Zscaler’s Kovac added the memo also is a signal to industry to come up with different options for how to deliver these security services.
“Be wary of lift-and-shift approaches. You don’t want to move your challenge from the data center to the cloud and miss the opportunity to improve security and user experience,” he said. “Simply virtualizing a physical TIC ultimately makes the problem worse — agencies need multitenant cloud security stacks built to scale up and down on demand. Agencies must take advantage of the ‘cloud effect’ which allows cloud service providers to globally update hundreds of patches a day with lessons learned from their cloud platforms across the globe.”
For some agencies, it may take a few months to begin to feel the impact of the new policy.
OMB laid out five milestones it wants to accomplish over the next 60 days and one more with a 90-day timeline.

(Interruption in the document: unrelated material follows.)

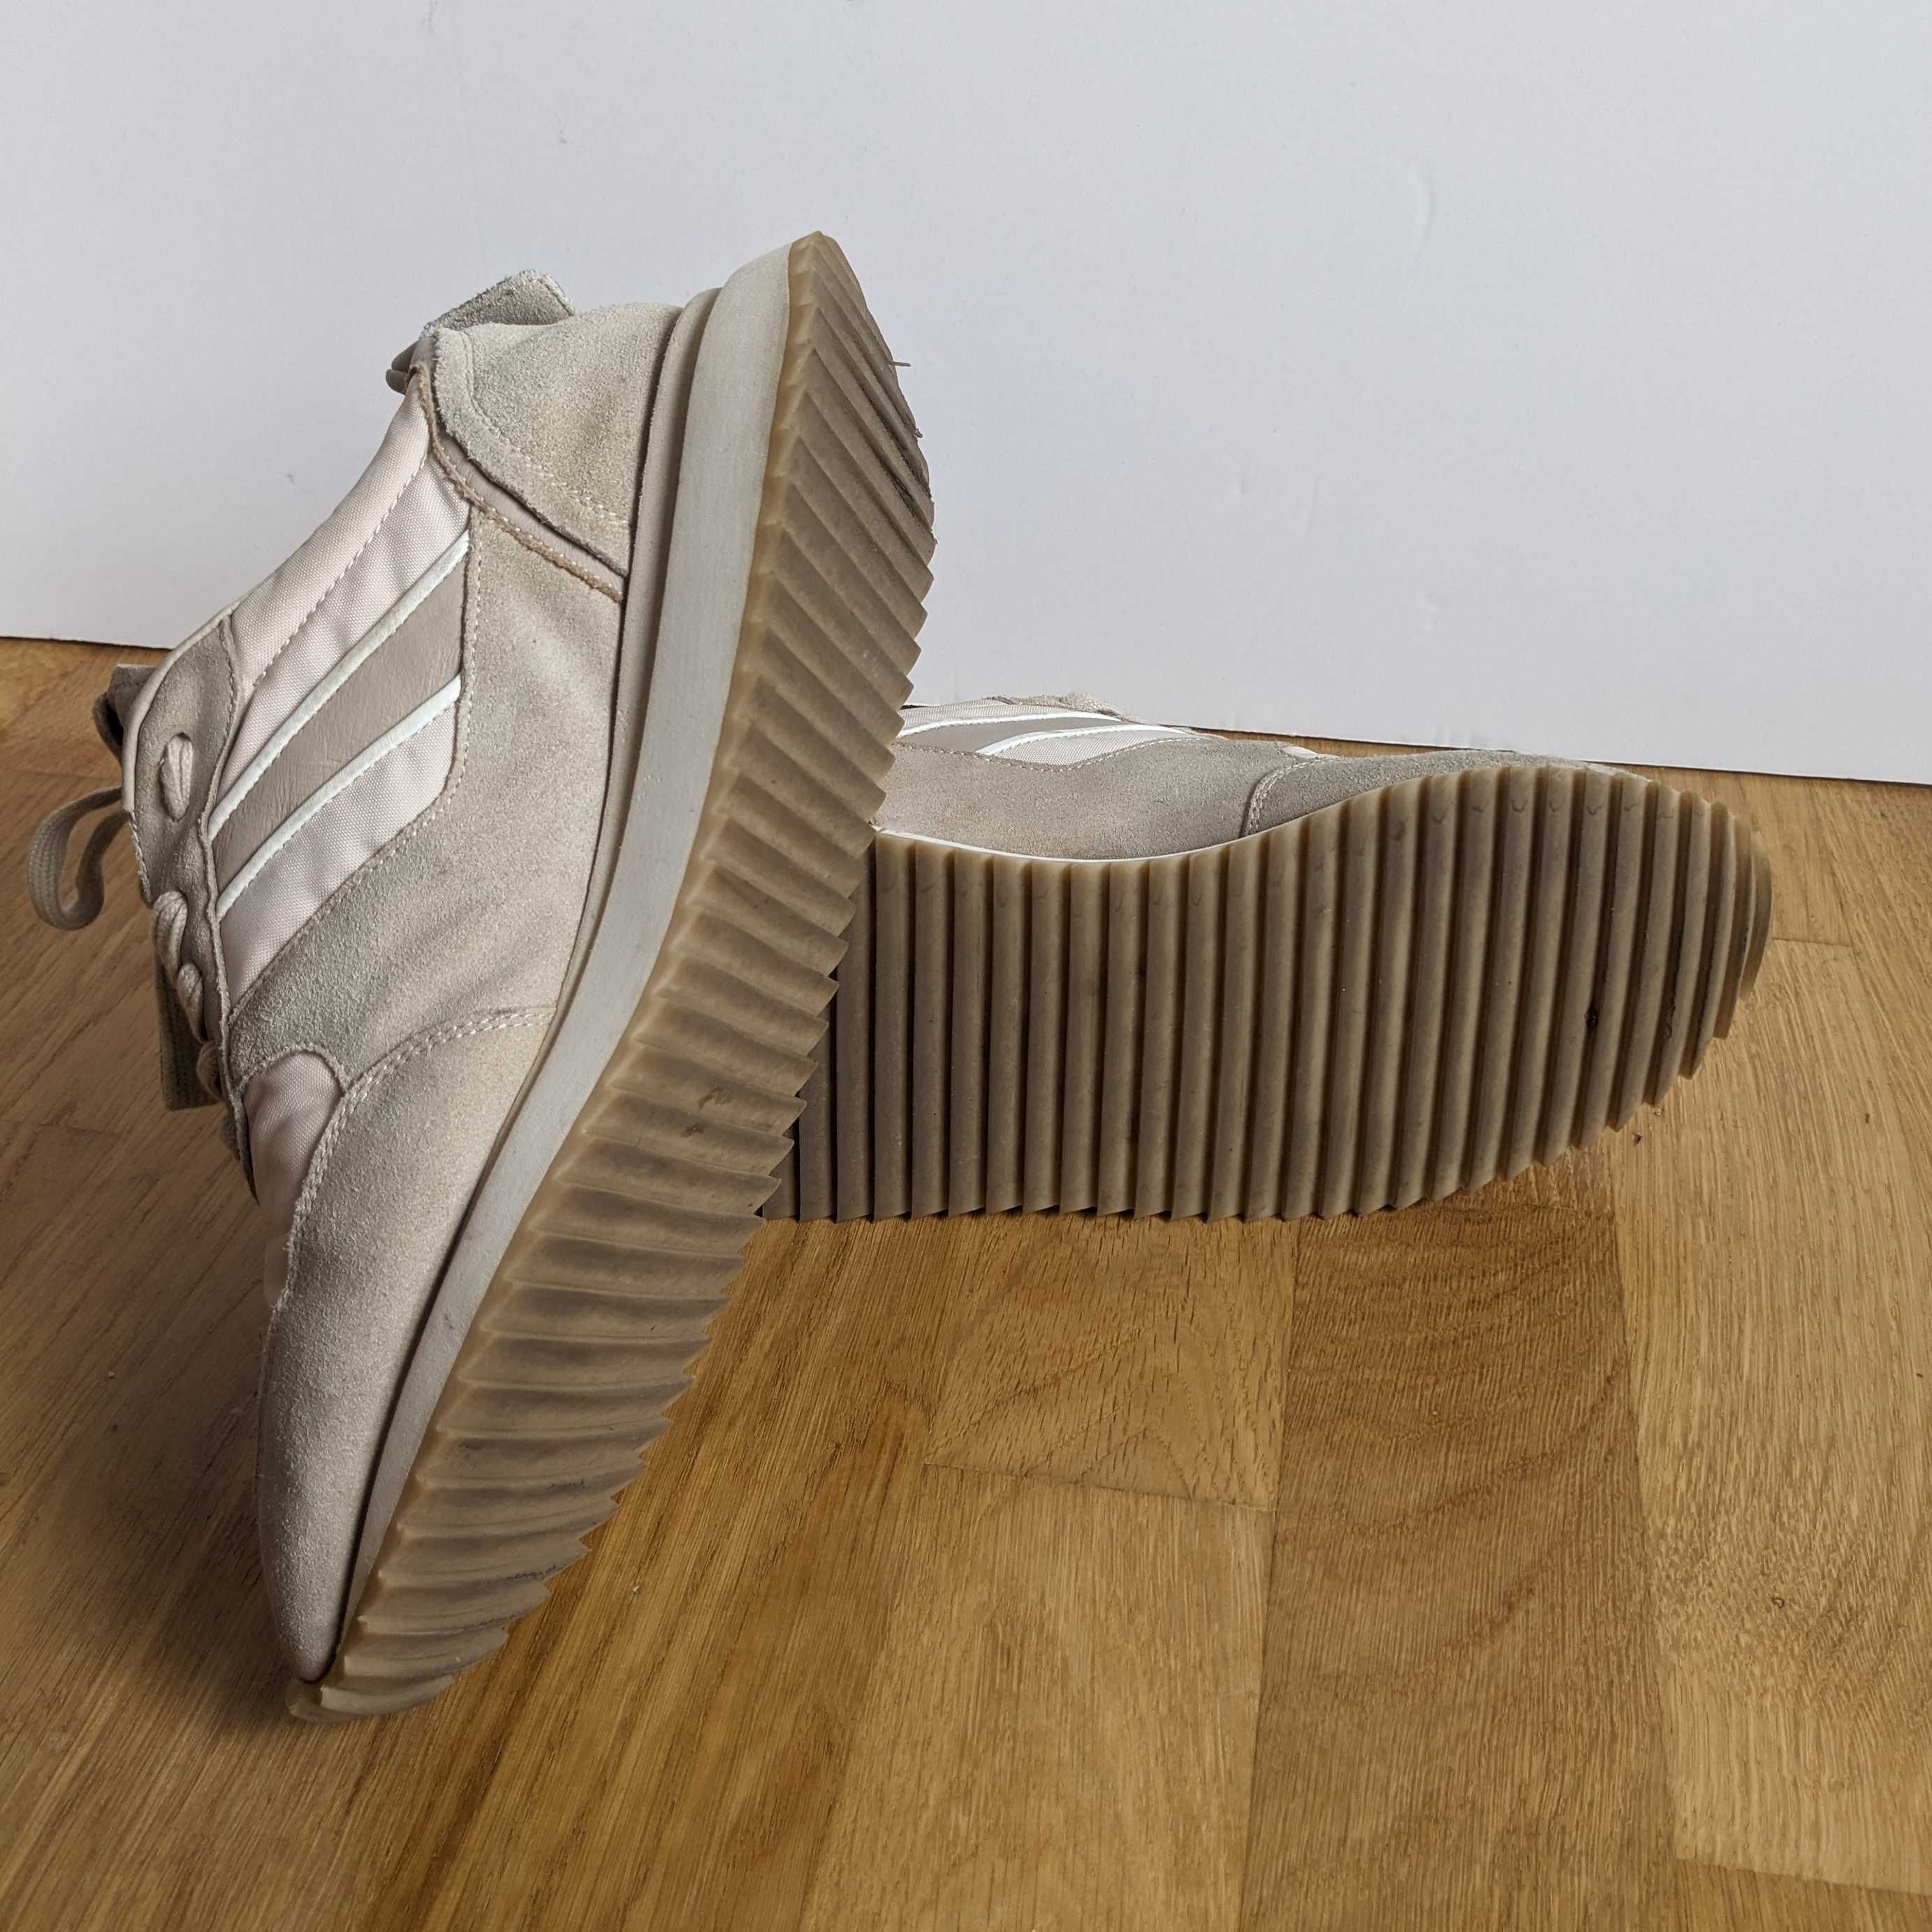 Оригінальні кросівки Beige Copenhagen Studios Sneakers Cph460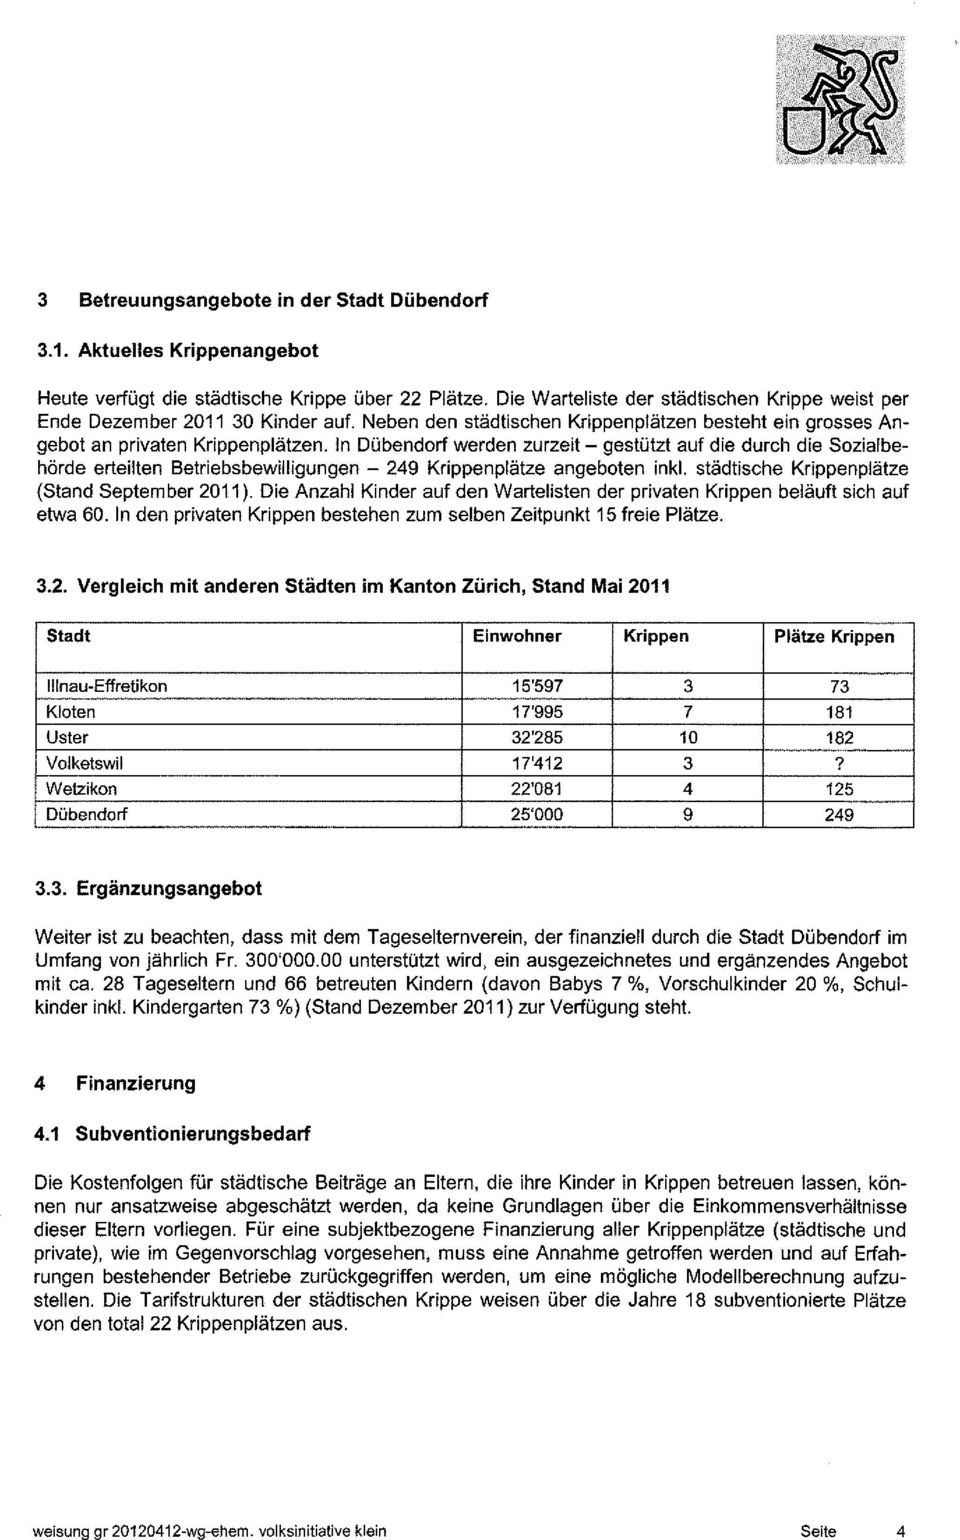 In Dübendorf werden zurzeit - gestützt auf die durch die Sozial behörde erteilten Betriebsbewilligungen - 249 Krippenplätze angeboten inkl. städtische Krippenplätze (Stand September 2011).

Among the 60-day deadlines are:
The Federal Chief Information Security Officer (CISO) Council shall solicit and review agency and industry TIC pilot proposals on an ongoing basis, participate in the approval process for updates to TIC use cases and other TIC reference architecture documentation, and establish the timeline for DHS to review pilot results and approve updates to TIC use cases and other TIC documentation.
GSA shall update governmentwide procurement vehicles, as appropriate, within 6 months of the approval of new TIC use case requirements and other TIC reference architecture documentation.
Additionally, OMB is giving agencies a year to update their own network and system boundary policies to reflect TIC 3.0 and identify use cases that they will use.
“OMB and DHS will track agency implementation through Federal Information Security Modernization Act of 2014 (FISMA) reporting,” the memo states. “In order for TIC program updates to achieve the goal of diversifying technology options for agencies while retaining strong protections for Federal systems and information, OMB, DHS and the agencies themselves, need to have details of the technologies and defenses deployed across federal networks. As such, agency chief information officers shall maintain an accurate inventory of agency network connections, including details on the service provider, cost, capacity, traffic volume, logical/physical configurations, and topological data for each connection in the event OMB, DHS or others request this information to assist with governmentwide cybersecurity incident response or other cybersecurity matters.”